UNESCO guidelines for regulating digital platforms
After developing ‘Recommendations the Ethics of Artificial Intelligence’, UNESCO is moving towards guidelines for regulating digital platforms for information as a public good. The guidelines focus on a multi-stakeholder approach that involves governments, private companies, international organization and civil society to regulate digital platforms. The principles are intended to aid in dealing with content that may harm human rights and democracy while preserving freedom of expression and the accessibility of accurate and trustworthy information by regulators, governments, legislatures, and businesses.
One of the focuses of the guidelines in content moderation in digital platforms, in order to avoid fake news, disinformation but also hate. Éric Garandeau, Director of Policies and Governmental Relations at TikTok, stated that in this respect they have at least 10,000 moderators for billions of users that, combined with the help of AI, identify images and videos that could be offensive or violent. According to him, the combination of human and AI is key to content moderation and a useful development can be found in the option of user notification, where users actively participate in the content moderation process. However, content moderation is not as easy as it was portrait, since there can be up to a million videos a day to analyze, in different languages. Another issue relates to the capacity of these moderators to handle the amount to content to review. In addition to this, moderators, whether human or AI, face the difficulties of cultural relativism and how what is considered offensive and inappropriate changes deeply from culture to culture.
Generative AI and Content Moderation commonalities
Moderating content in social networks and choosing which data should be used to train a Generative AI has many aspects in common. Both tasks are extremely complex, as they require balancing different rights – for example : freedom of expression, privacy rights of individuals or human rights. In practice, an organization’s content moderation is driven by specific values and cannot be entirely neutral with respect to the organization’s culture or even ideology.
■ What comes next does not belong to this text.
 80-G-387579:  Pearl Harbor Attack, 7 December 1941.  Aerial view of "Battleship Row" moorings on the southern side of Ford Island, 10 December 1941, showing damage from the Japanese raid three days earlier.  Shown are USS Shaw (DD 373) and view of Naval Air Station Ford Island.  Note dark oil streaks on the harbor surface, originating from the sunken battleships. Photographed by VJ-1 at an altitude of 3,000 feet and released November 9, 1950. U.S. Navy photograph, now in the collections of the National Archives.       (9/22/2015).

Since 2012, Namsor has been building algorithms to identify and measure gender balance in media / social media, as well as other diversity analytics such as : race, ethnic, socio-cultural diversity. We believe that measuring cultural diversity, racial/ethnic or socio-cultural biases in media/social media historical datasets can help correct biases in machine learning algorithms to maximize the diversity of point of view, fairness and balance of soft power. This is not a sufficient condition to stop hatred, but it is a necessary condition for people to feel fairly represented according to many dimensions (gender, country of origin, language, race/ethnicity).
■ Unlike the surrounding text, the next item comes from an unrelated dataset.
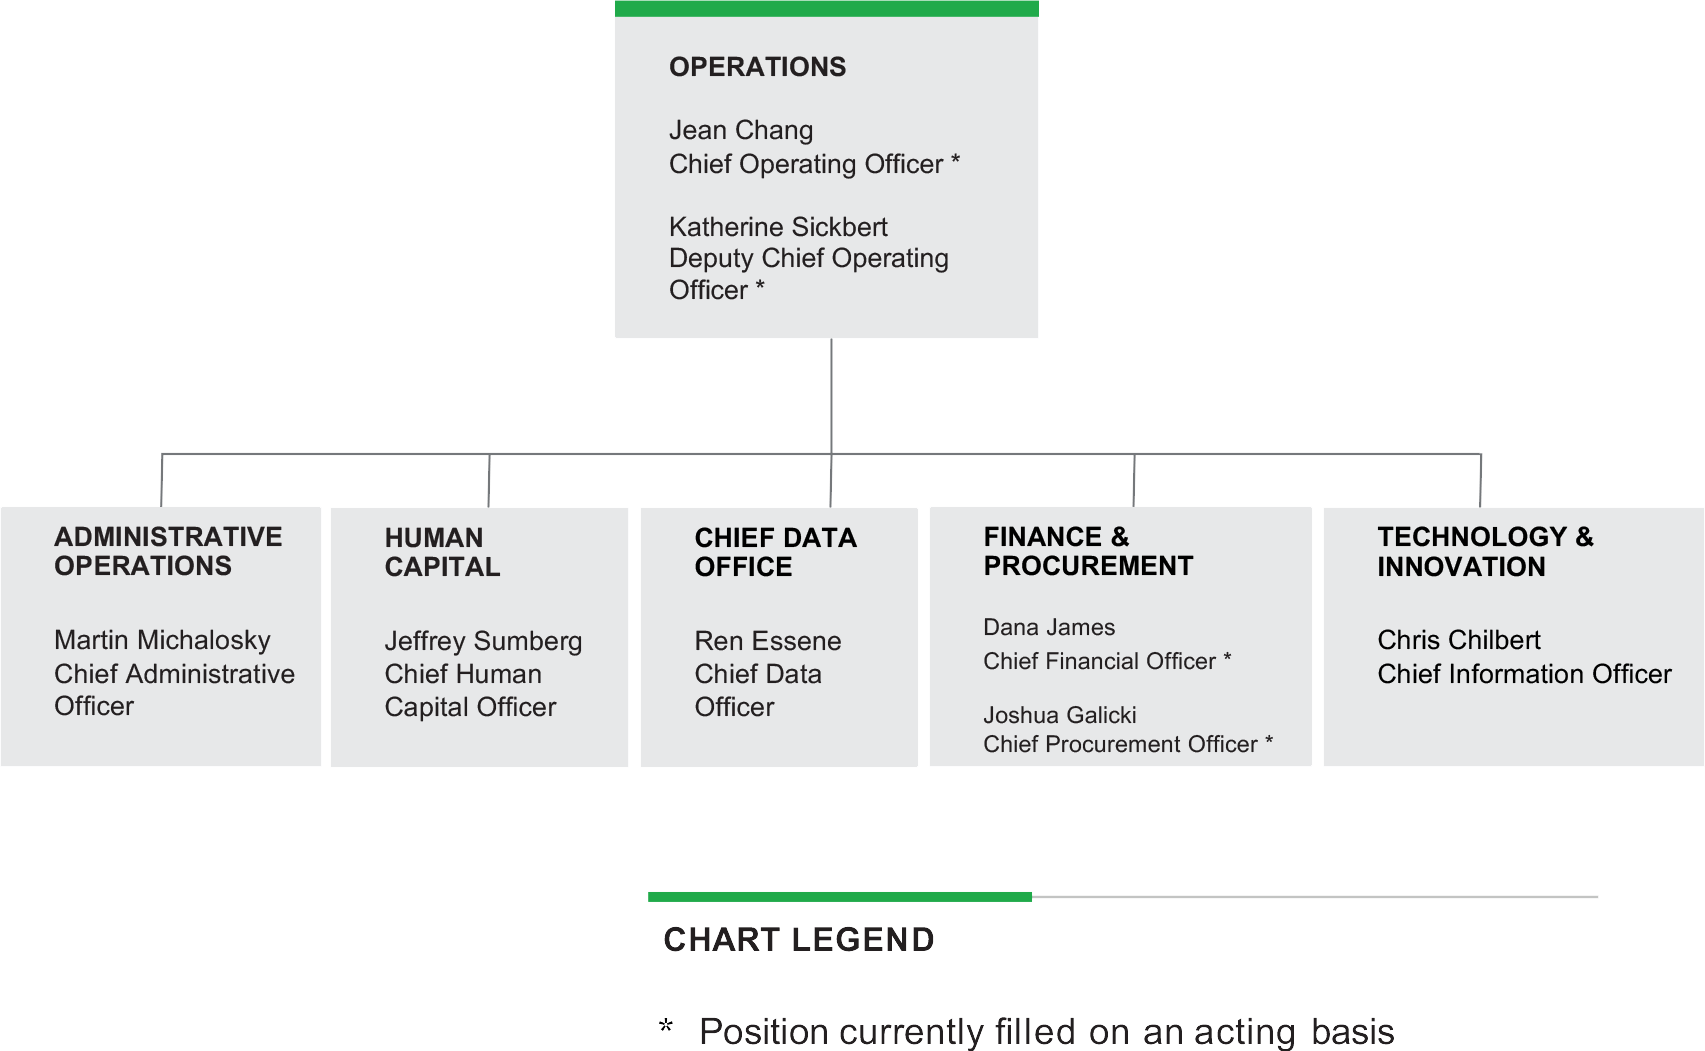 Organizational chart of the Operations division

The other aspect where Namsor can be useful is to ensure a strong diversity in all teams involved in Machine Learning, from development to content moderation, as well as legal teams and governance. As was pointed out during the panel discussions, whites make up the largest ethnic group among software engeneers, and male engeneers make up over 70% of this specific group. Such lack of diversity inevitably leads to the reproduction of very exclusive patterns. Ensuring diversity in the development process is necessary for designing machine learning algoritithms do not learn from biased datasets and, consequently, do not reproduce such bias.
In conclusion, the UNESCO “Internet for Trust” Conference provided a great opportunity to better understand the challenges faced by policy-makers in regulating AI, as well as the many opportunities that these technologies provide. It is clear that Namsor can represent a useful tool to help policy-makers, companies and other organizations to conduct such assessments. For example, to make sure expert groups are representative of UNESCO members according to various dimensions (gender, linguistic diversity or country of origin).